Sit in a shebeen, ride a taxi to work, sit at a business meeting and you feel the gloom covering our country today. The shanty towns of those times – Emaplateni in Orlando or Emasakeni in Moroka – are now spread near and wide around the country.

The once-proud Johannesburg has turned into a slum, where cars and taxis have to dodge huge potholes to reach their destination. Headlines in the media scream “CORRUPTION! CORRUPTION!” at every turn.

Poverty is rampant. According to StatsSA more than half of South Africa’s households (57%) are classified as poor and unemployment stands at 33%. The World Bank (2018) says we are the most unequal country with the Gini Coefficient on income inequality hovering between .66 and .67.

This is not what you sacrificed your life for.

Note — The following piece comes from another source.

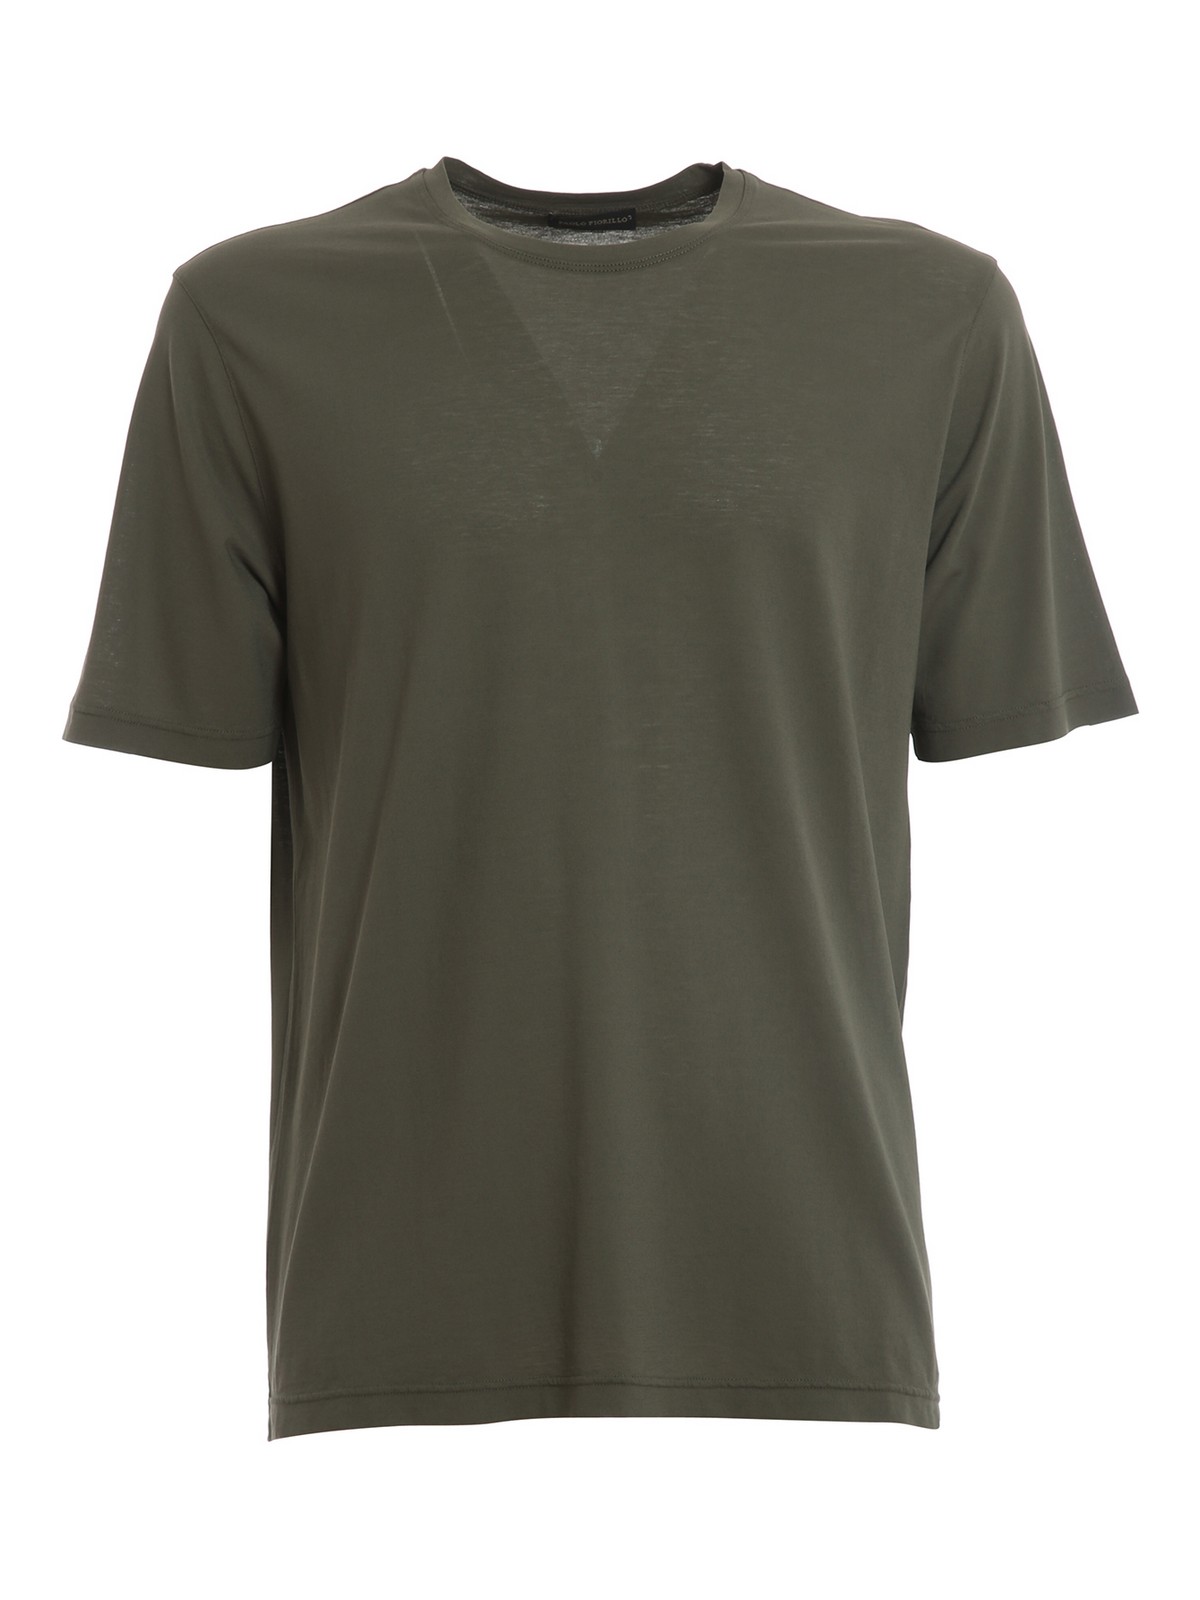 Paolo Fiorillo Cotton Crepe T-shirt In Dark Green

What went wrong with the revolution?

This note addressed to you, this meditation, surfaces two speeches, one by you and the other by your tormentor, John Vorster, who was styled “the Minister of Justice” at the time.


According to your lifelong friend, Dennis Siwisa, you once told your fellow students at Fort Hare University, what you understood about leadership:

“True leadership demands complete subjugation of self, absolute honesty, integrity and uprightness of character and fearlessness, and above all, a consuming love of one’s people.”

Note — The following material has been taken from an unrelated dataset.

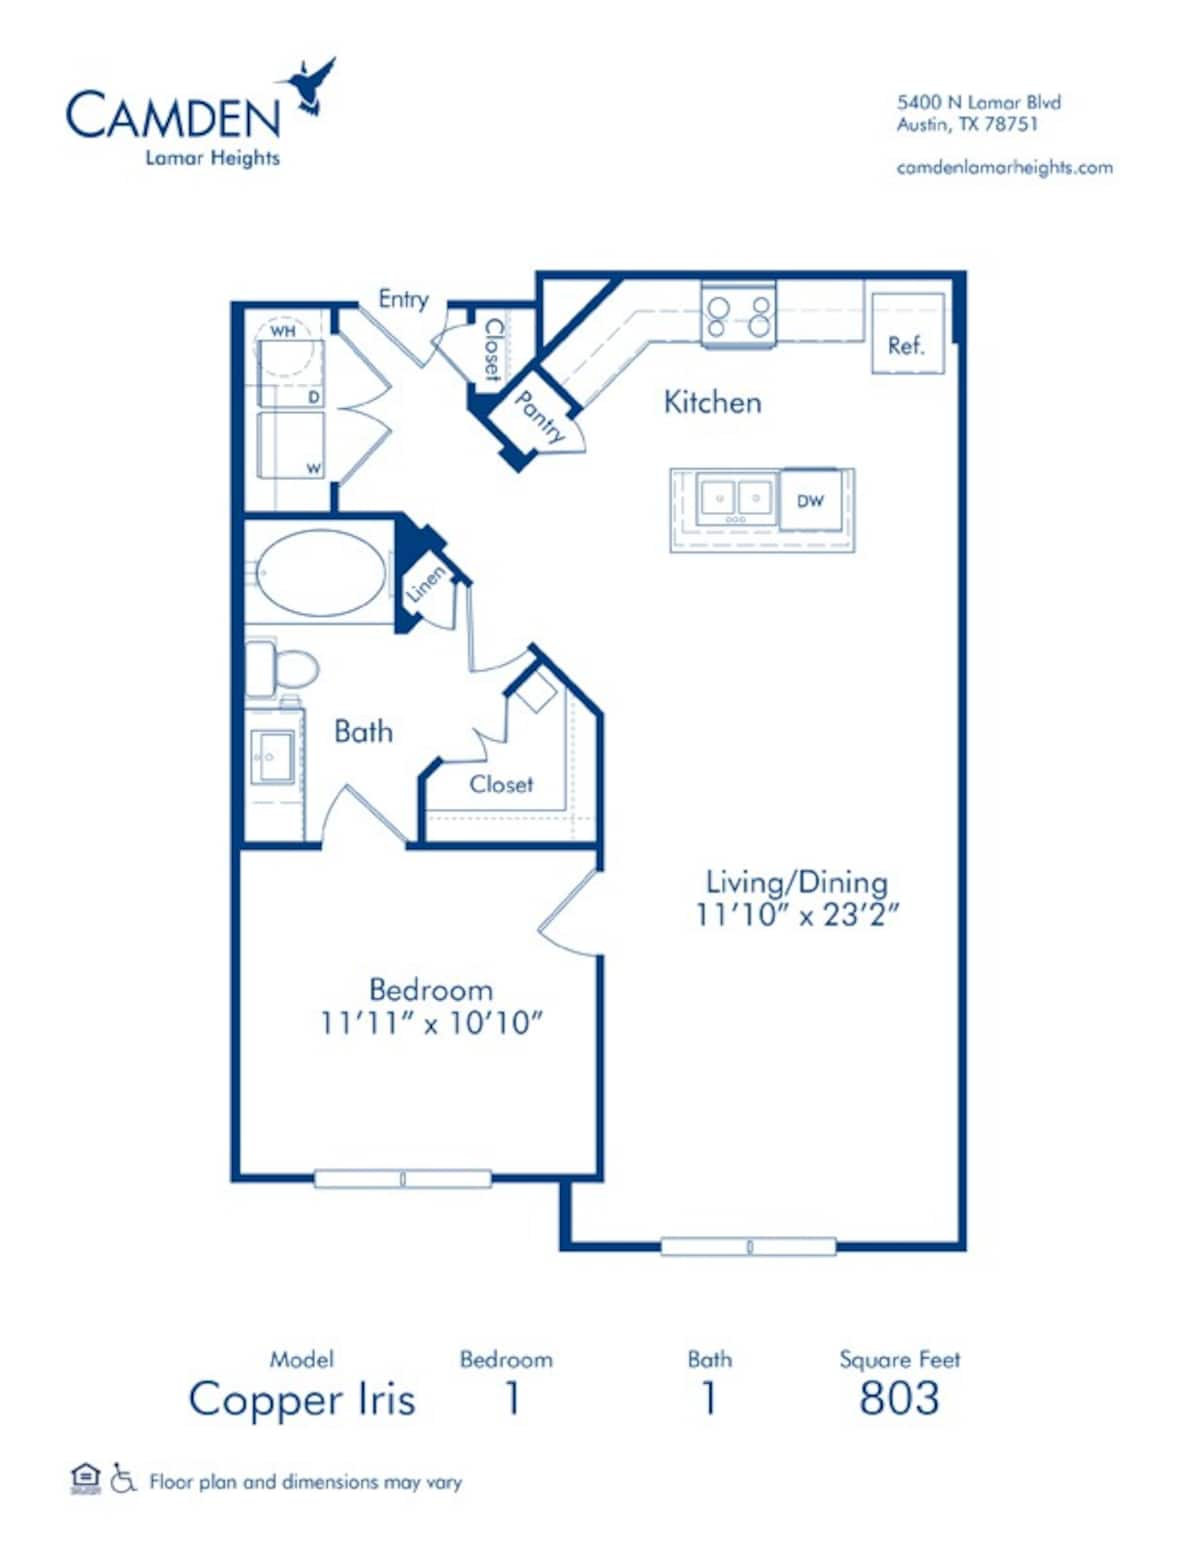 Floorplan diagram for Copper Iris, showing 1 bedroom

These words are now inscribed on your tombstone at a cemetery in Graff Reinert. They describe perfectly the Sobukwe I knew: who sacrificed his life, his career, and his family – all because of his love for his people.

Even Vorster was scared by your commitment: he described you as “a man with a magnetic personality, great organising ability and a divine sense of his mission”.

What would have happened post 1994 if South Africa had adopted the values you stood for? Of course, we still mouth them in our national constitution, but have not grabbed them and lived them.

The new elite is not different from the apartheid oppressors. It’s a world of scarcity… I should hoard whatever I can for myself and perhaps for my children. The devil takes the hindmost.

Son of the soil, how do we get back to the consuming love of our people? Actually, feel the love and embrace it – go beyond the slogans of Batho Pele.